Here's a general intro:
https://www.youtube.com/watch?v=EFI-7SYGQ48, and here's a longer
one that shows more real-world use cases, examples of how Airweave
is used by Cursor (0:33) and Claude desktop (2:04), etc.:
https://youtu.be/p2dl-39HwQo A couple of months ago we were
building agents that interacted with different apps and were
frustrated when they struggled to handle vague natural language
requests like "resolve that one Linear issue about missing auth
configs", "if you get an email from an unsatisfied customer,
reimburse their payment in Stripe", or "what were the returns for
Q1 based on the financials sheet in gdrive?", only to have the
agent inefficiently chain together loads of function calls to find
the data or not find it at all and hallucinate. We also noticed
that despite the rise of MCP creating more desire for agents to
interact with external resources, the majority of agent dev tooling
focused on function calling and actions instead of search. We were
annoyed by the lack of tooling that enabled agents to semantically
search workspace or database contents, so we started building
Airweave first as an internal solution.
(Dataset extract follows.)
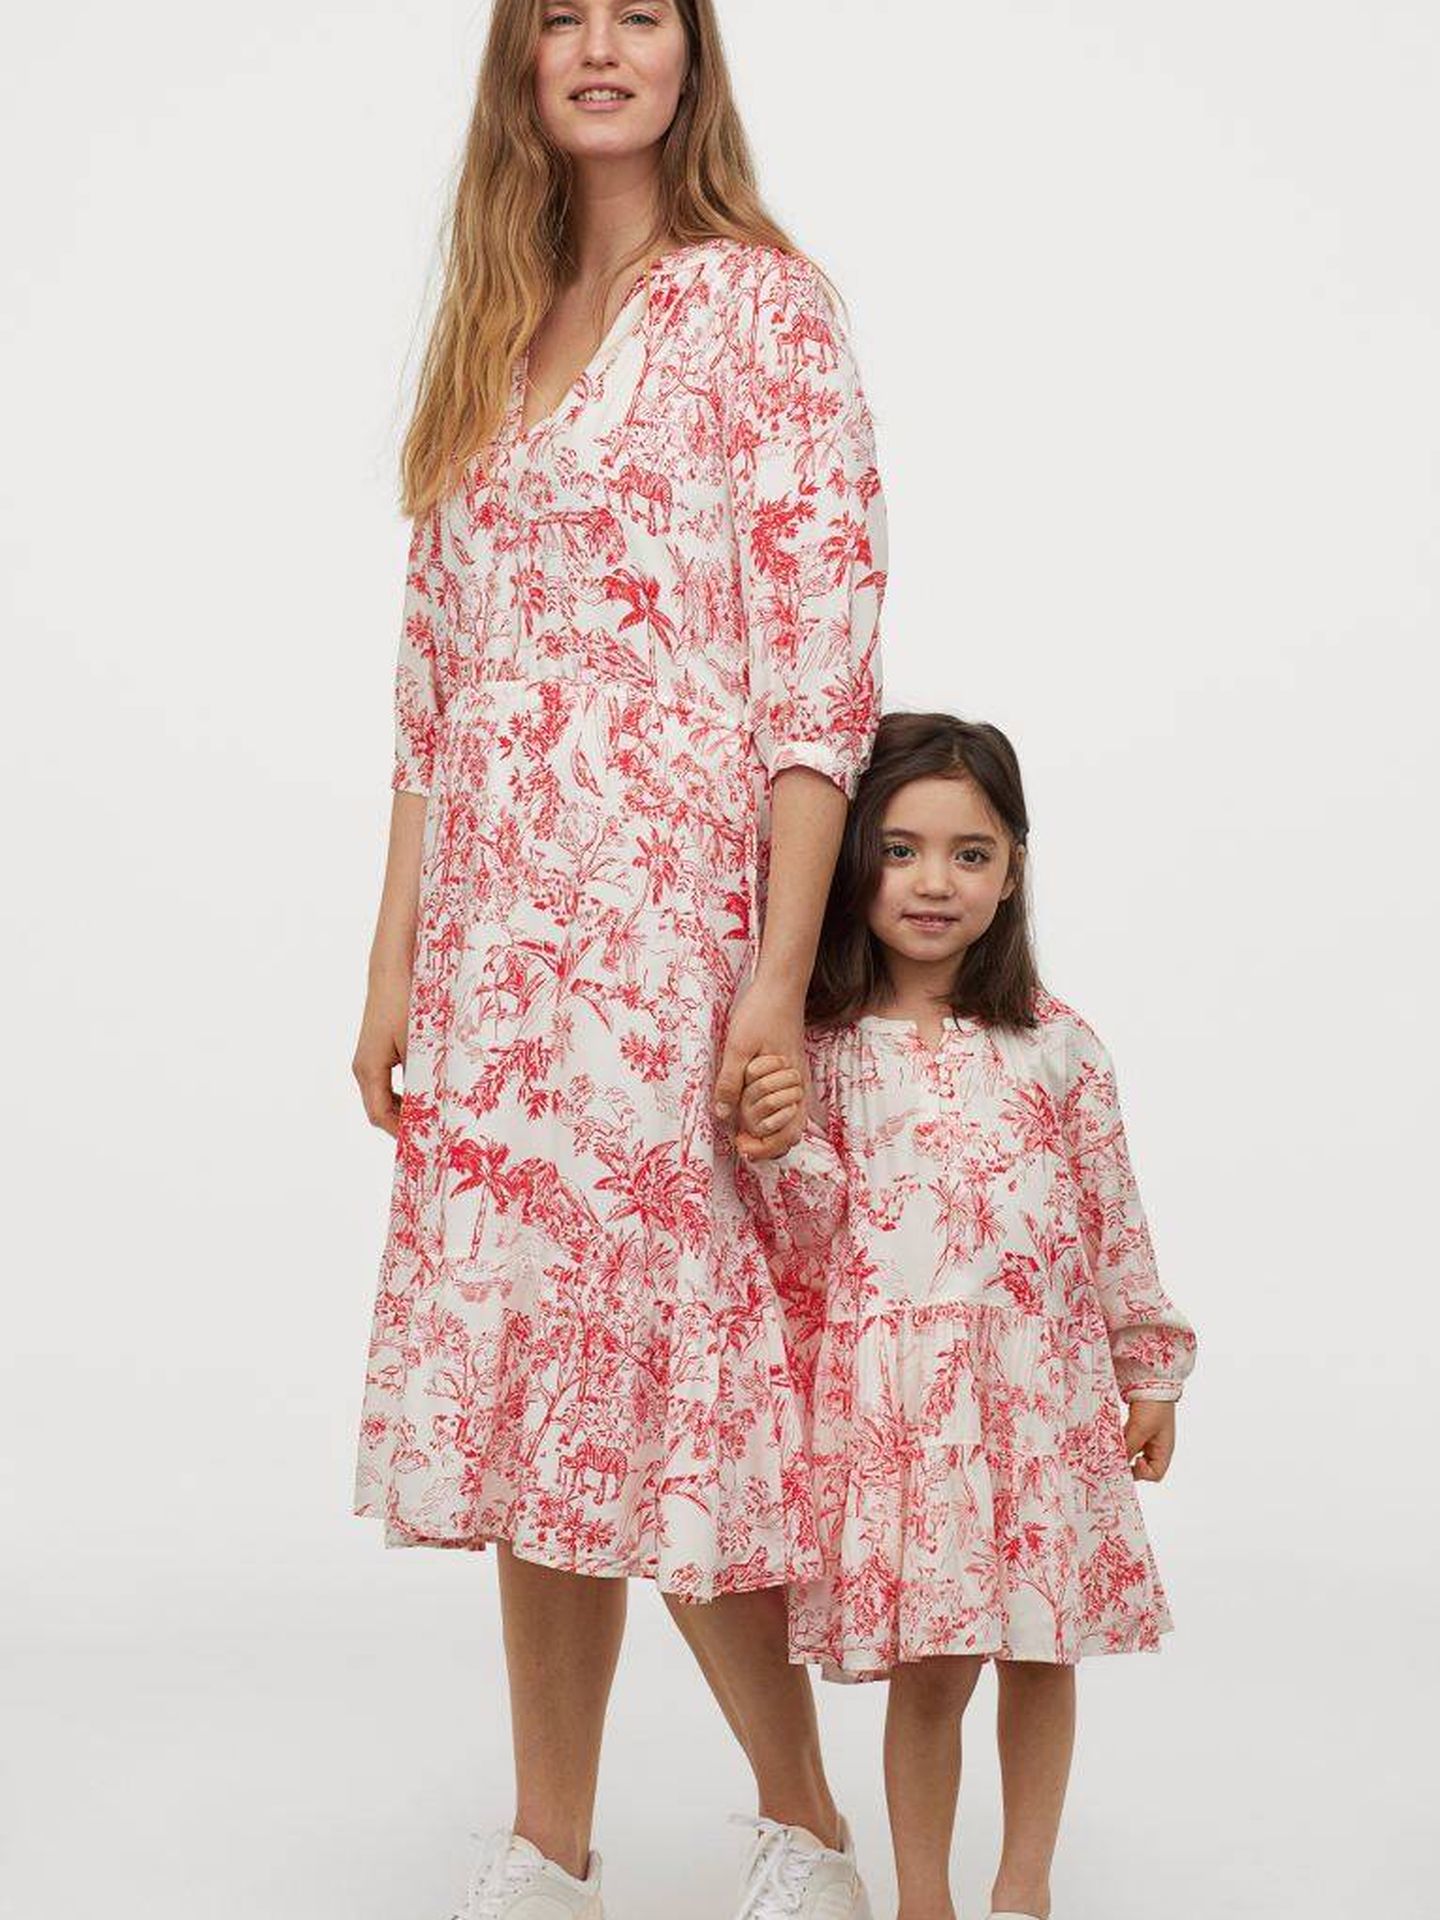 H&M quiere celebres el día de la madre llevando este a juego con tu hija
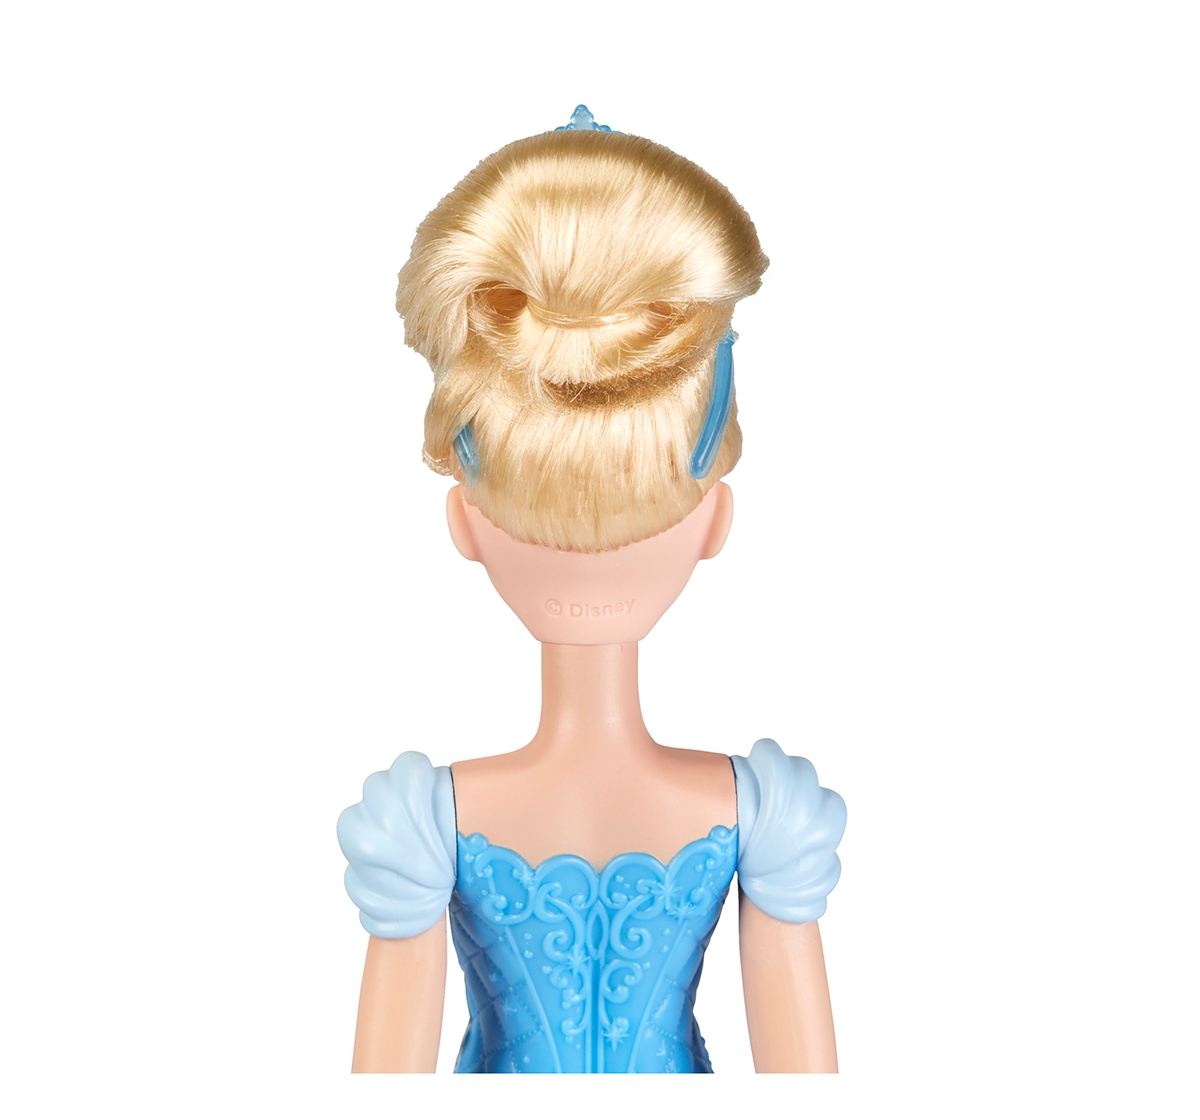 DISNEY | Disney Princess Royal Shimmer Cinderella Dolls & Accessories for Girls age 3Y+ 1

Then we decided to open-
source it and pursue it full time after we got positive reactions
from coworkers and other agent builders. Airweave connects to
productivity tools, databases, or document stores via their APIs
and transforms their contents into searchable knowledge bases,
accessible through a standardized interface for the agent. The
search interface is exposed via REST or MCP. When using MCP,
Airweave essentially builds a semantically searchable MCP server on
top of the resource. The platform handles the entire data pipeline
from connection and extraction to chunking, embedding, and serving.
To ensure knowledge is current, it has automated sync capabilities,
with configurable schedules and change detection through content
hashing. We built it with support for white-labeled multi-tenancy
to provide OAuth2-based integration across multiple user accounts
while maintaining privacy and security boundaries. We're also
actively working on permission-awareness (i.e., RBAC on the data)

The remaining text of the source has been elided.